Retrospectiva est un web-logiciel de gestion de projets. Placé sous licence libre, il n'est pas possible de l'utiliser "directement" ; par contre, il est téléchargeable gratuitement et s'installe assez facilement sur n'importe quel système de type Unix (Linux, Mac OS X, BSD, ...) pour peu que vous ayez un minimum de connaissances en administration de serveur.
Ce mode de fonctionnement est similaire à ce qu'on peut trouver du côté de Collabtive.

Fonctionnalités

Les fonctionnalités de Retrospectiva sont réparties en deux groupes : les fonctions de base, et celles qui sont apportées par des plug-ins.

Fonctions de base :

  • Gestion de tickets.
  • Revue de code.
  • Gestion de versions, avec deadlines et étapes d'avancement.

Fonctions additionnelles :

  • Wiki.
  • Blog.
  • Gestion de projet adaptée à la méthode Scrum.

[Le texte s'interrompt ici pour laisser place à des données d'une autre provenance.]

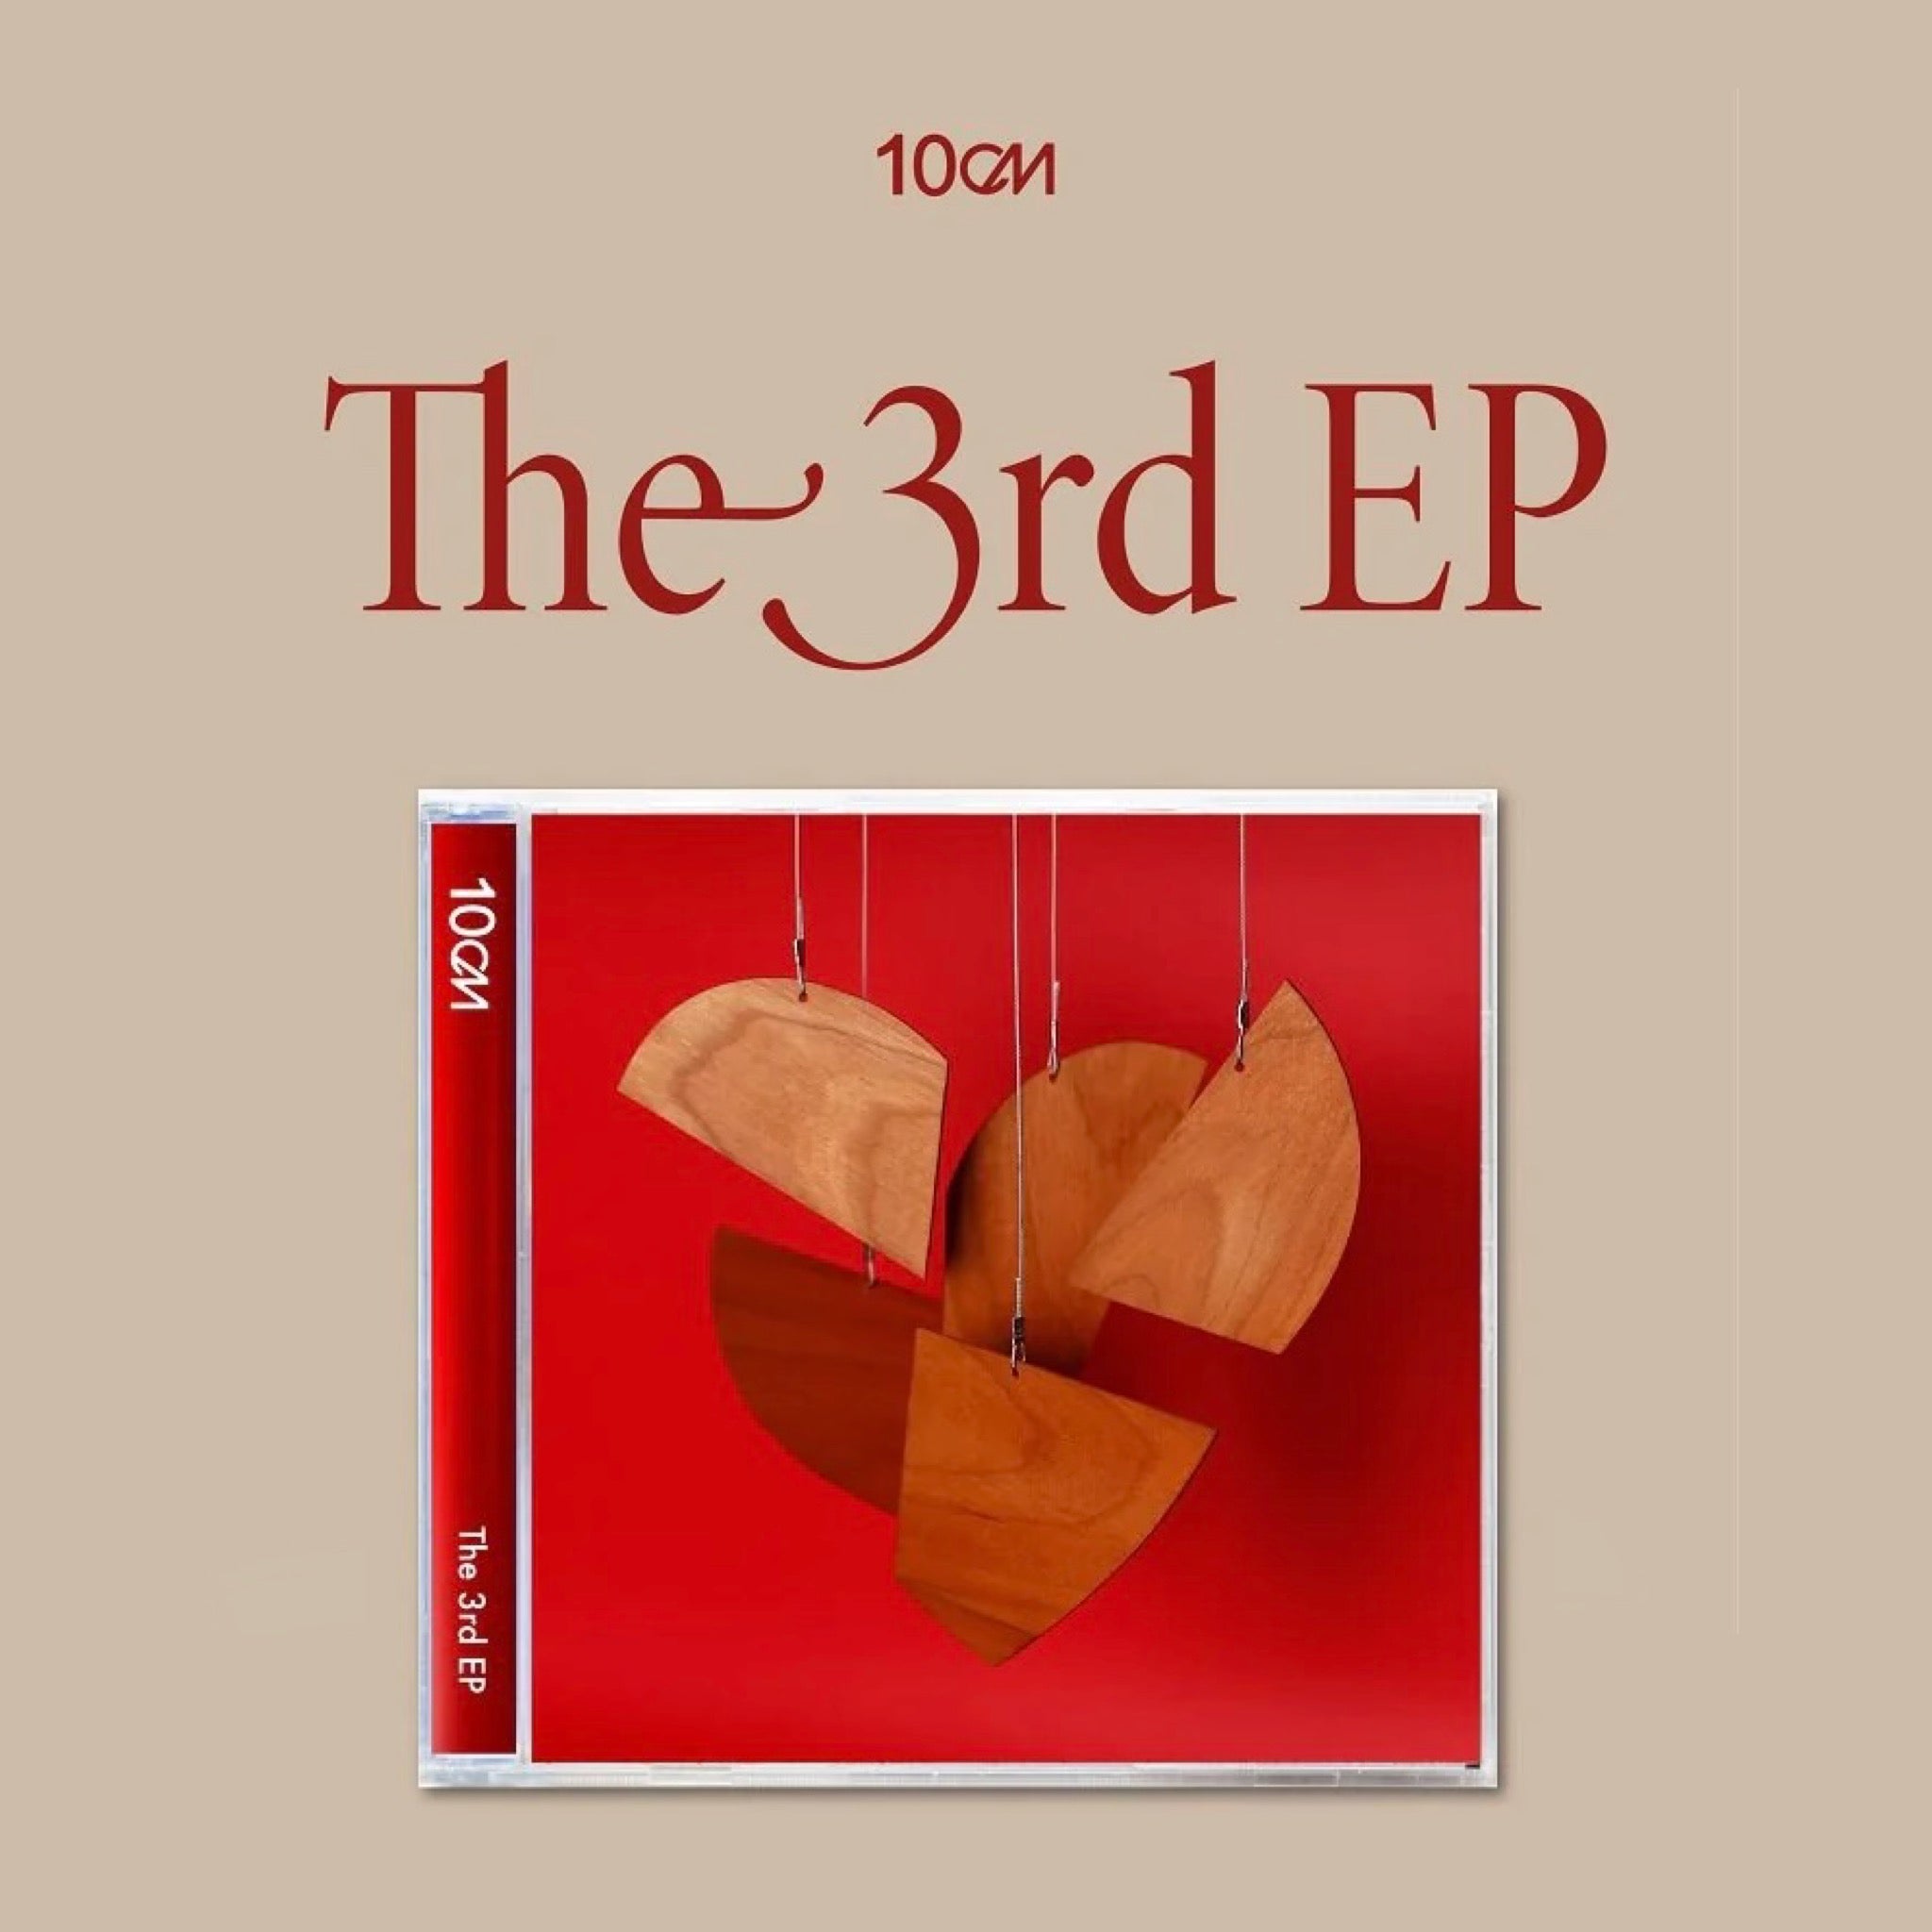 10CM - THE 3RD EP
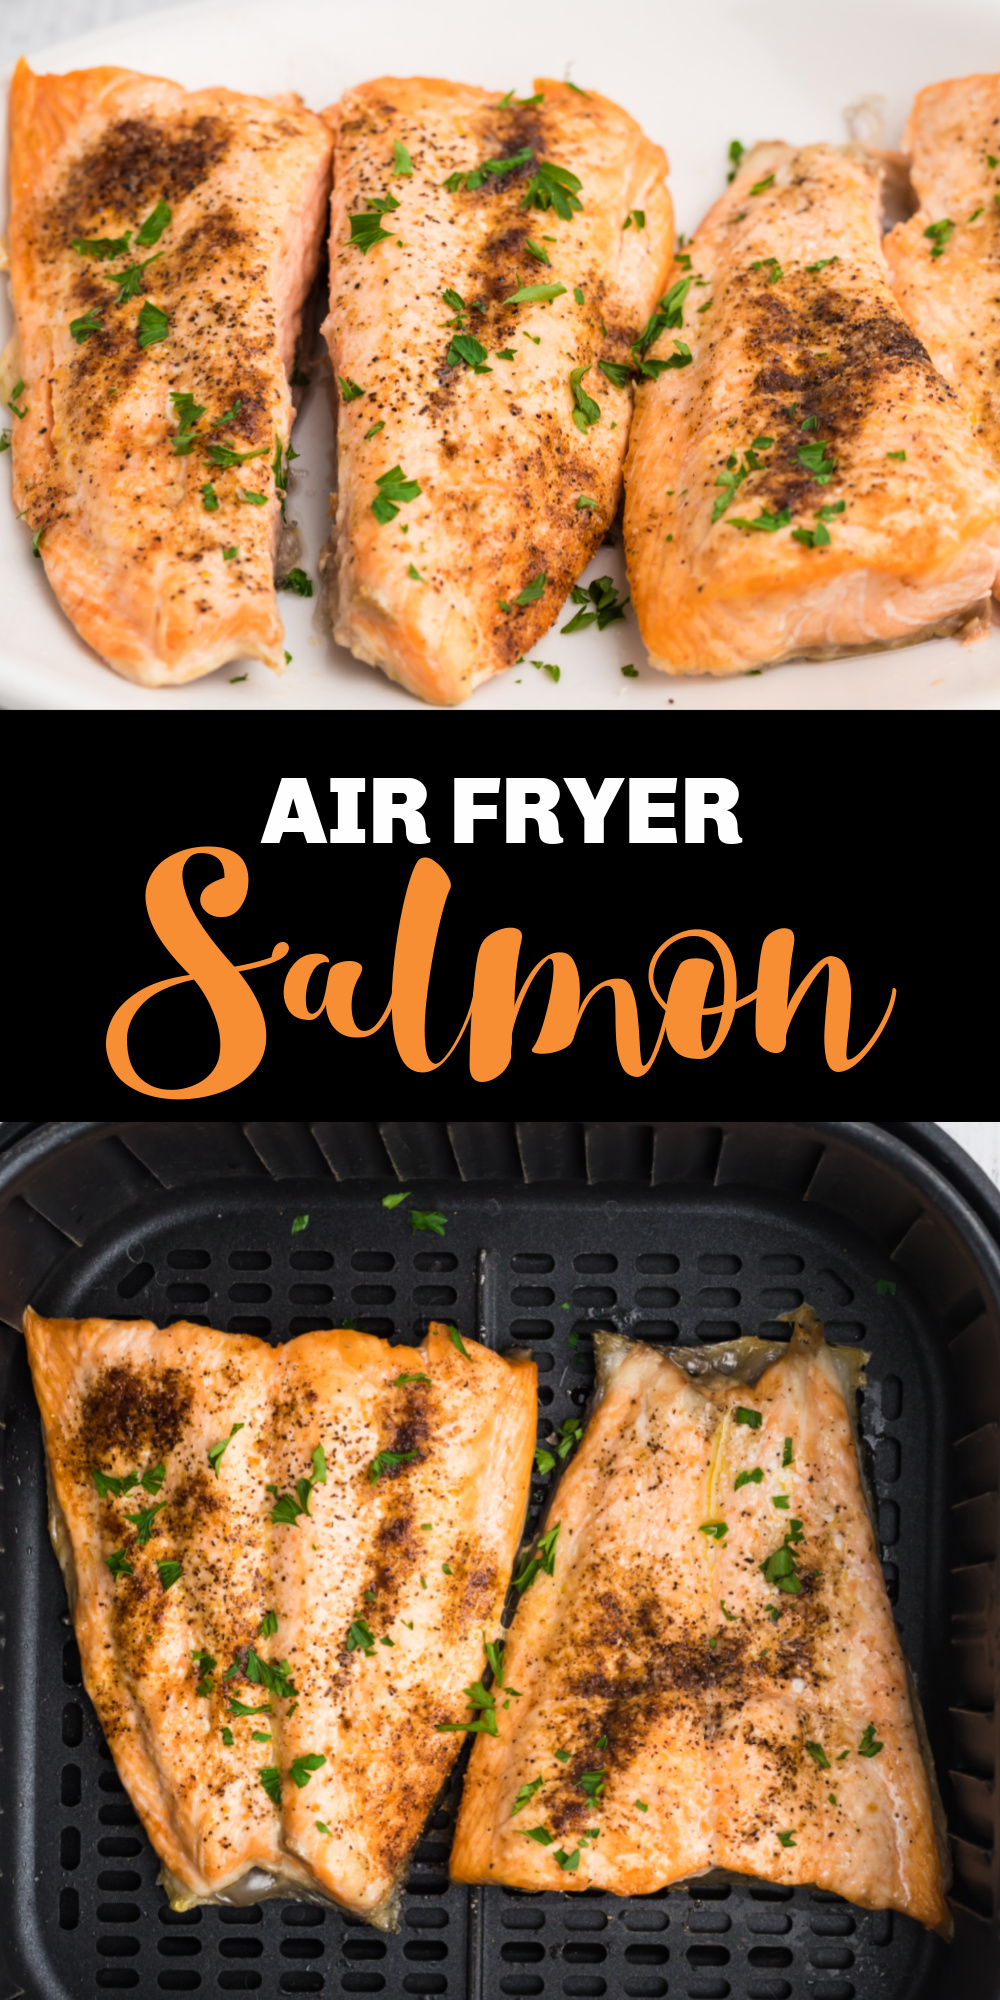 Salmon is one of my favorite ways to get my daily protein and this Air Fryer Salmon is a quick and easy way to do it! No more ovens or grills - just 10 minutes in the Air Fryer for the perfect, simple salmon.

On peut considérer que les fonctionnalités apportées par les plug-ins font parties intégrantes du logiciel. Parce que, de nos jours, un outil de gestion de projet qui ne contient même pas un wiki, c'est trop limité pour être intéressant.

Gestion de tickets

(image © retrospectiva.org)

Les tickets de Retrospectiva permettent de gérer aussi bien l'affectation de tâches (au sens classique du terme) que les relevés de bugs. C'est un des rares logiciels qui fournisse un système de gestion des tâches qui peut aussi convenir à la gestion des bugs, sans que l'ergonomie n'en souffre.